(Finance) – Tesmec has registered preliminary revenues for the year 2021 equal to approximately 194 million euros (compared to the previous forecast of approximately 200 million euros), generating a Preliminary EBITDA higher than 14% (compared to a forecast of 15%), while theNet financial debt it has worsened by around 11 million euros (compared to the expected figure of around 110 million euros). Revenues and margins are in any case an improvement compared to 2020 (respectively, by approximately 14% and 28%), underlines in a note the company listed on Euronext STAR Milan and active in the field of construction of infrastructures relating to the transport of electricity, data and materials.
The results, the company says, “are not aligned with the targets for the period due to the slowdown in the activities of the Trencher sector which has suffered from the protracted delays generated by external factors relating to the procurement of materials, deliveries and exponential growth in the cost of electricity and raw materials; as well as the sudden worsening of the emergency status from Covid-19, which delayed the recovery in those areas that had slowed down during the year, such as the United States of America and Australia “. The Railway and Energy sectors have reached year-end target.

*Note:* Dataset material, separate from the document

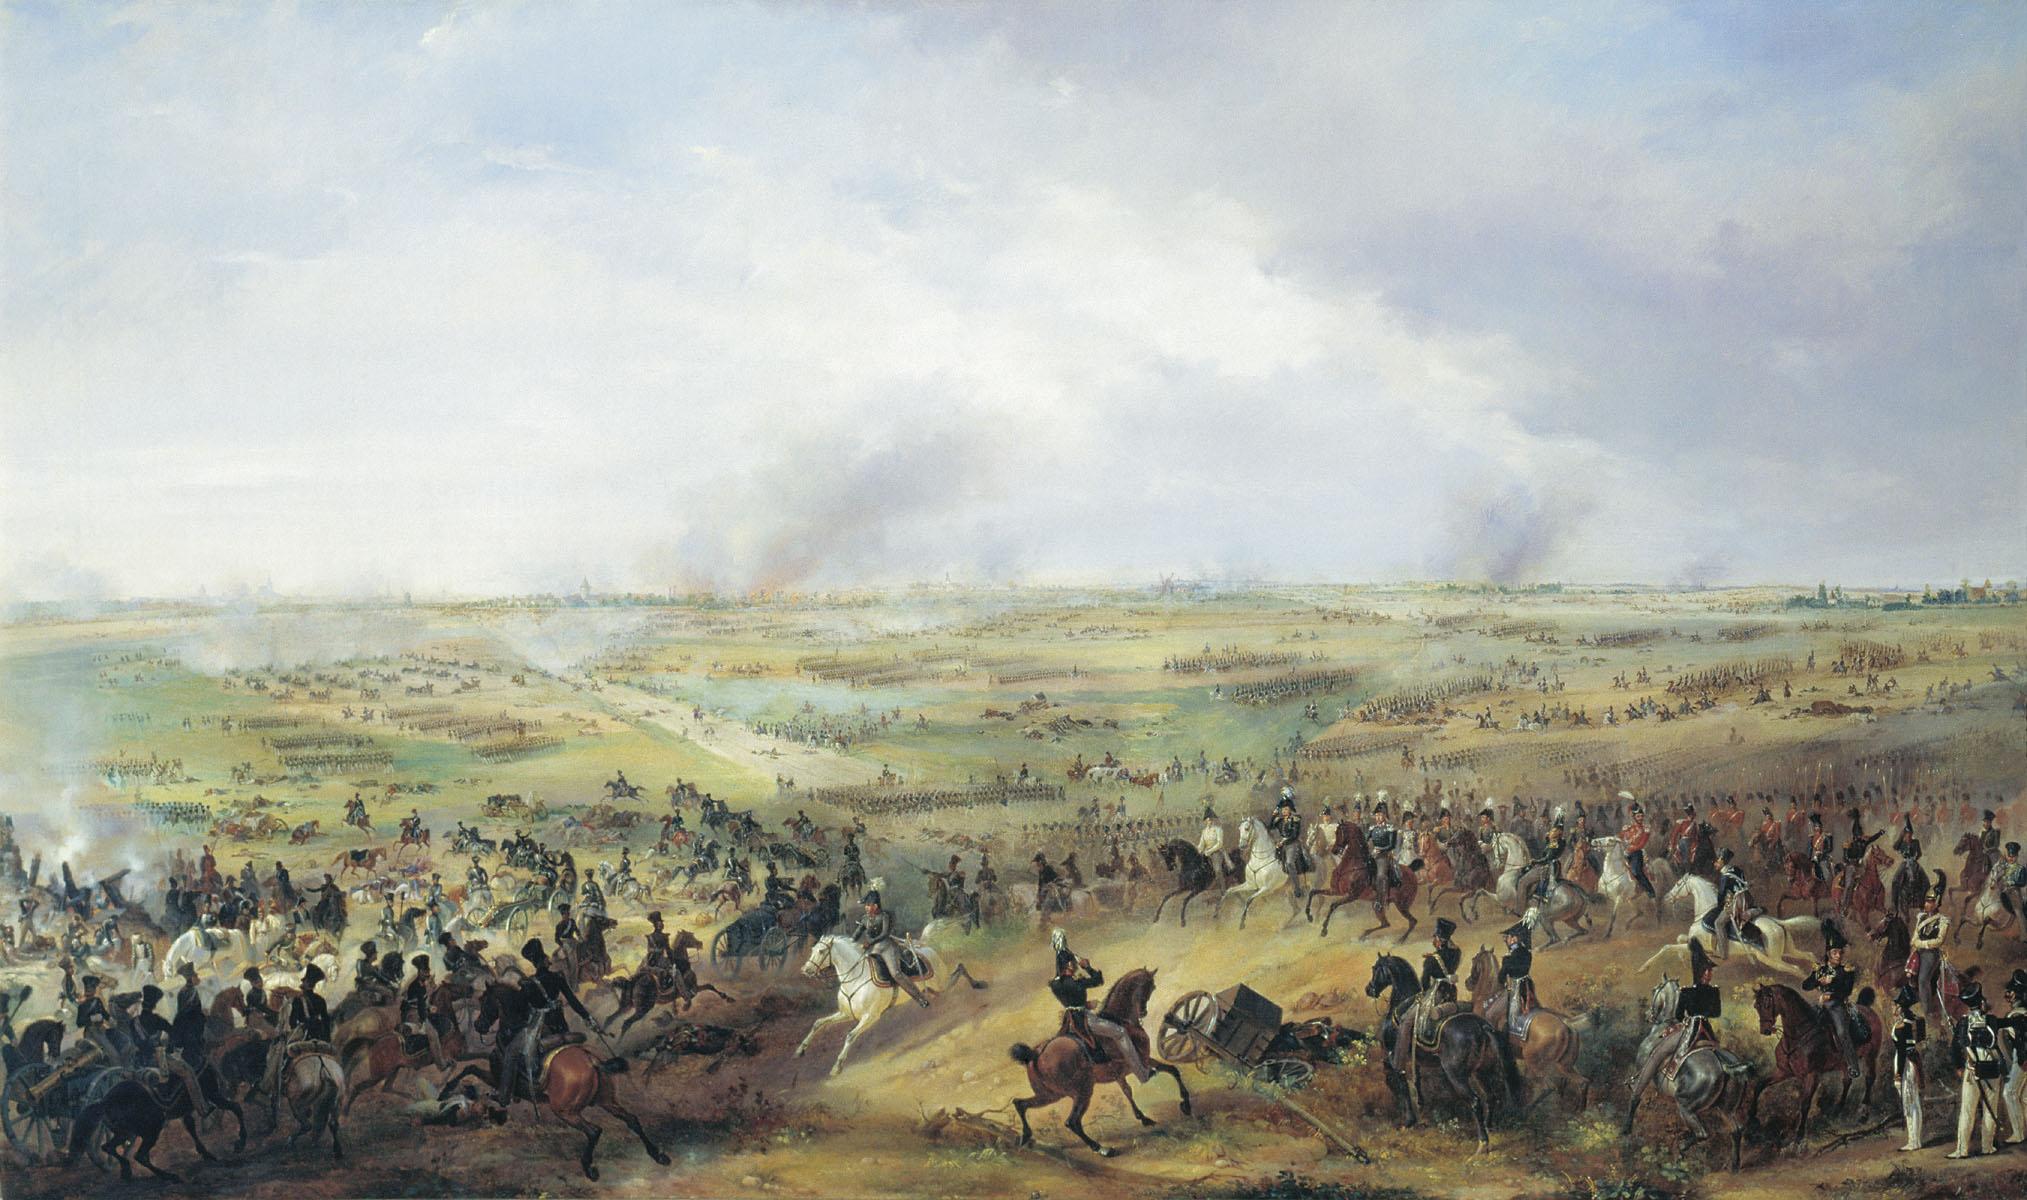 Поражение Наполеона в «Битве народов»

Despite the delays and criticalities in terms of revenues and margins for the 2021 financial year, the group confirms the medium-long term trend and its 2020-2023 Plan guidelines. order book is equal to approximately 284 million euros, an increase, both compared to 262.6 million at 30 September 2021, and compared to 282.4 million euros at 31 December 2020. “The order book confirms the validity of the investments made by Tesmec in the Railway sector and in the Energy Automation segment, sectors that present solutions with higher added value and lower volatility “, reads the note from the company.